Fig 3: Analysts’ Accuracy in Sorting Firms into 3-Year Growth Quintiles (1997 – 2021)

Source: S&P Capital IQ and Verdad research

Some readers objected last week to our quip that analysts might as well assume the same growth rates for SaaS software companies as coal miners. This table does suggest that when analysts forecast top-quintile growth, they’re accurate 50% of the time, and when they forecast bottom quintile growth, they’re accurate 30–40% of the time, which is far better than random chance and suggests that analysts are basing their forecasts on some good signals.

But there’s a wrinkle to this analysis.

If a stock is richly priced because analysts expect 20% annualized earnings growth over the next three years, investors in that firm generally won’t earn a significant return premium unless its realized earnings growth exceeds 20% per year. On the other hand, if realized growth comes in at 10% annualized, the price decline could be catastrophic, as investors have seen when the pandemic-era “stay-at-home” trades like video conferencing and home exercise reversed dramatically in 2022. So we really care about the errors relative to the forecasts.

In the table below, we show median three-year forecasts and outcomes within each quintile of analyst expectations. The results indicate that analysts are generally directionally correct (the highest-expectation stocks grow faster than the lowest-expectation stocks), but the errors are significantly bigger in the higher-expectation quintiles than the lower-expectation quintiles, and errors are also significantly bigger the further down we look on the income statement.

Figure 4: Quintiles of 3-Year Analyst Forecasts (1997 – 2021)

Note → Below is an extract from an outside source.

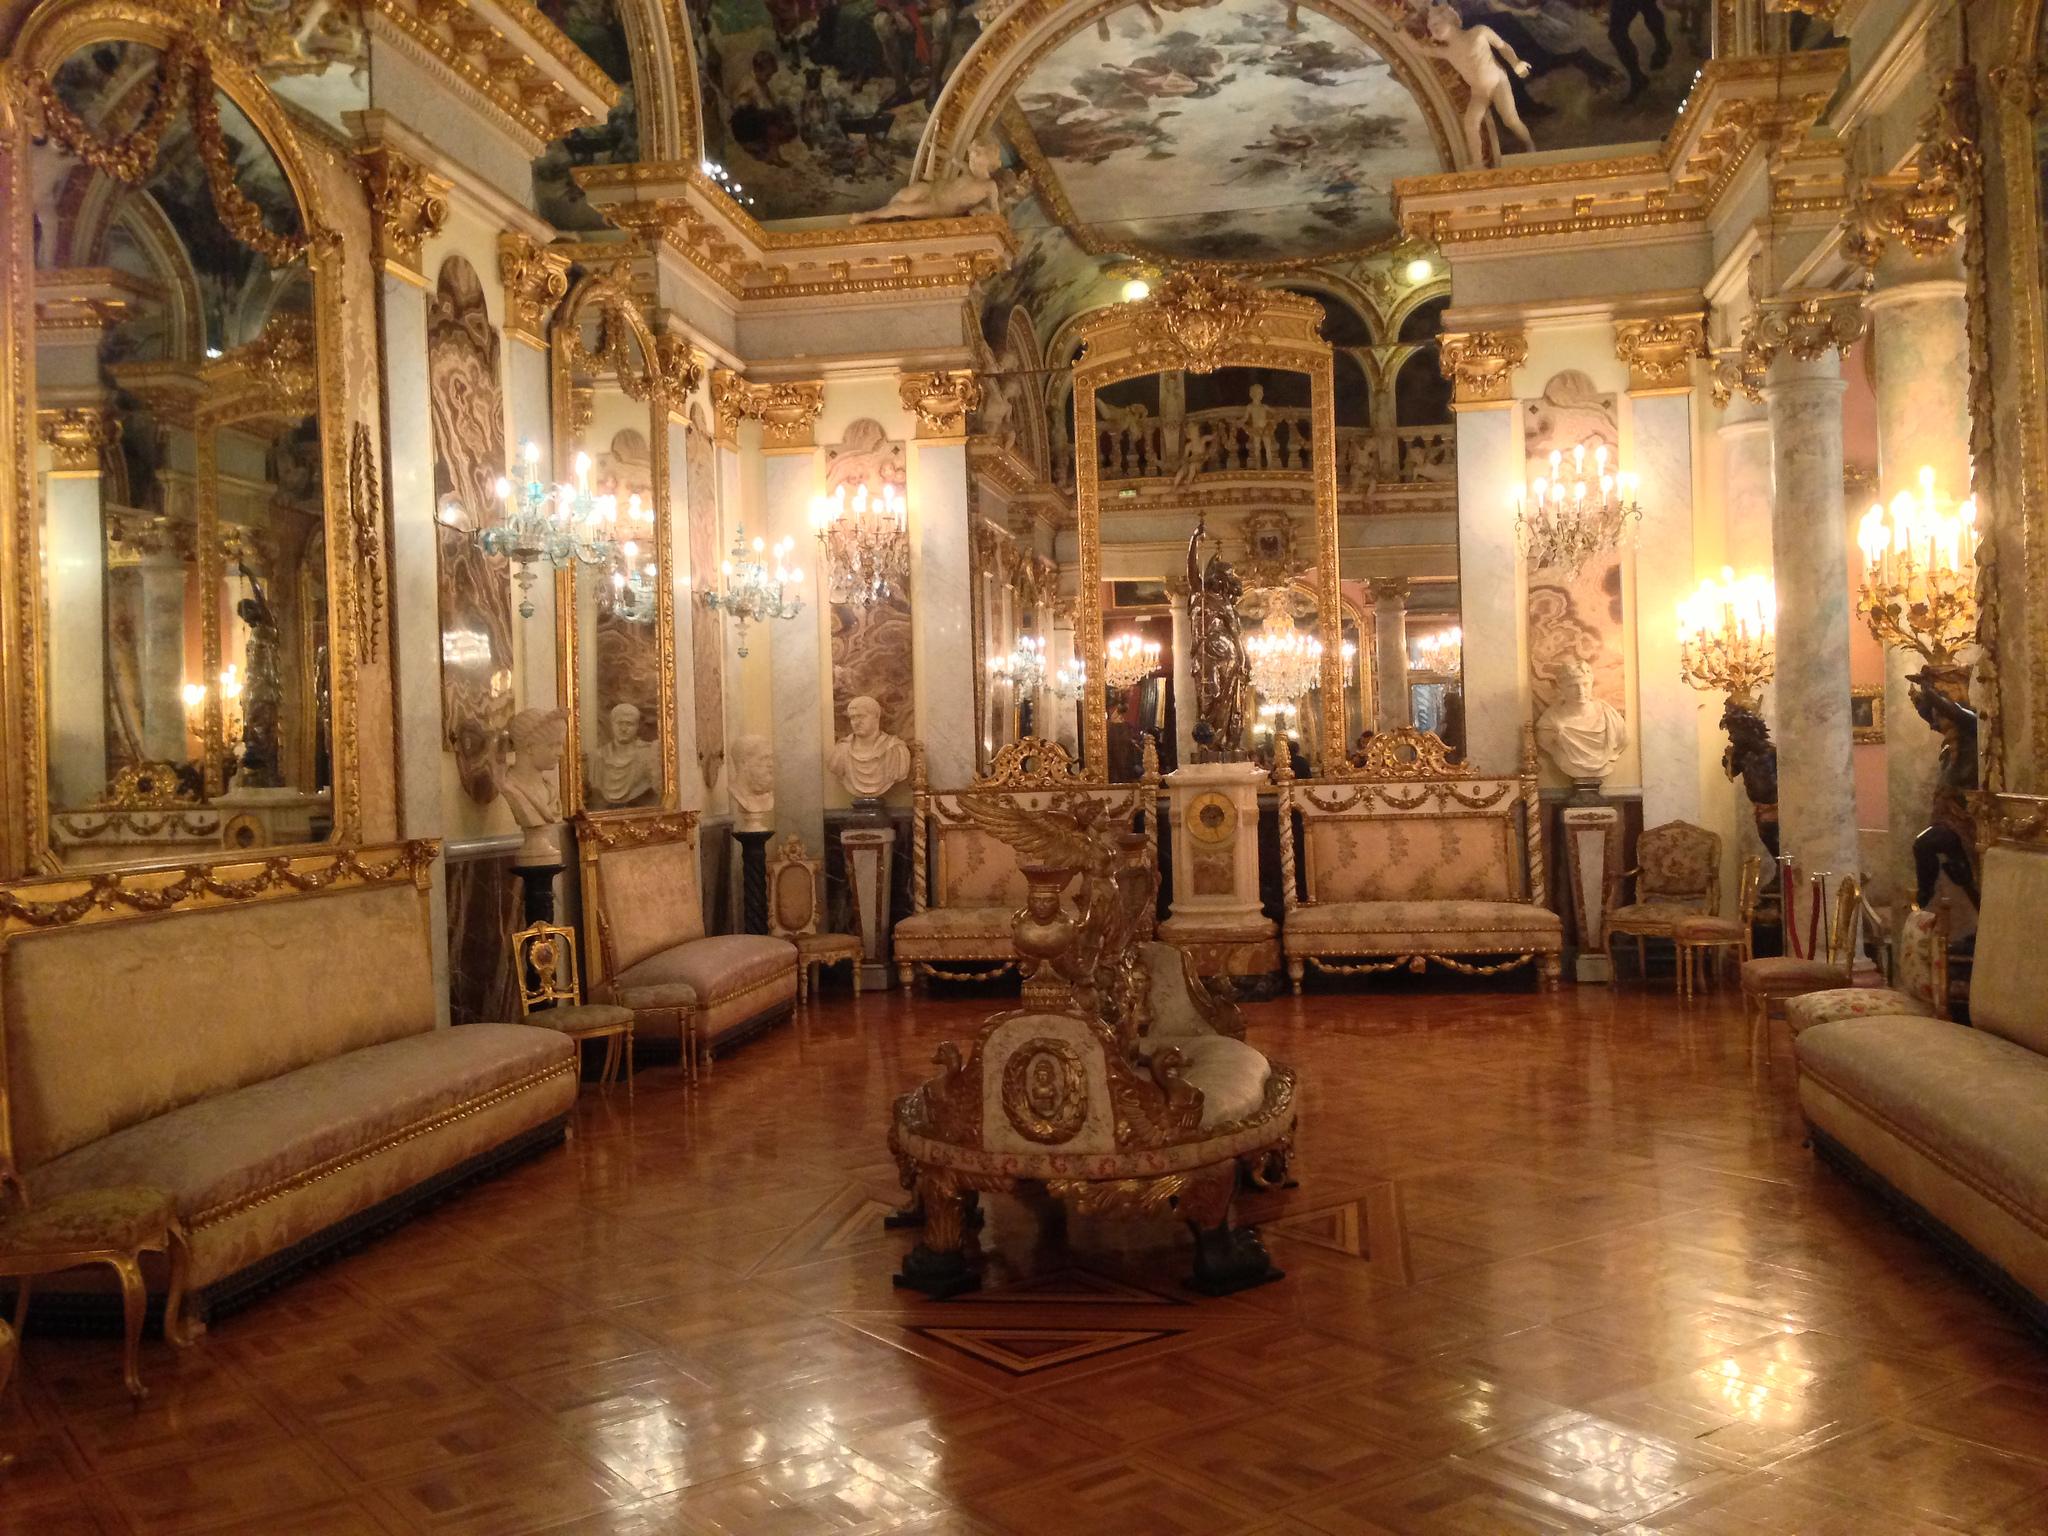 Музей Серральбо в Мадриде, интерьер

Sources: S&P Capital IQ and Verdad research

This analysis provides a tidy logic for value investing. Value investing works because stocks with low growth expectations priced in are less likely to disappoint dramatically. It’s one thing to miss the three-year EBITDA estimate by 8% in a cheap company that’s already priced for slower growth than inflation. It’s quite another scenario to miss the three-year EBITDA estimate by 68% in a company that’s priced to grow 5x faster than GDP. And, as you’ll recall from Figure 2, about two-thirds of the companies assigned by analysts to the lowest-expectation category end up delivering positive surprises over the next three years.

Perhaps these results simply reflect human bias toward overconfidence, and more accurate predictions could be made by algorithmically weighting metrics from the financial statements? After all, the superiority of mechanical (statistical) predictions over clinical forecasts has been well documented across a range of disciplines in numerous studies. In the next installment of our research series, we’ll explore whether better growth forecasts can be made using quantitative measures.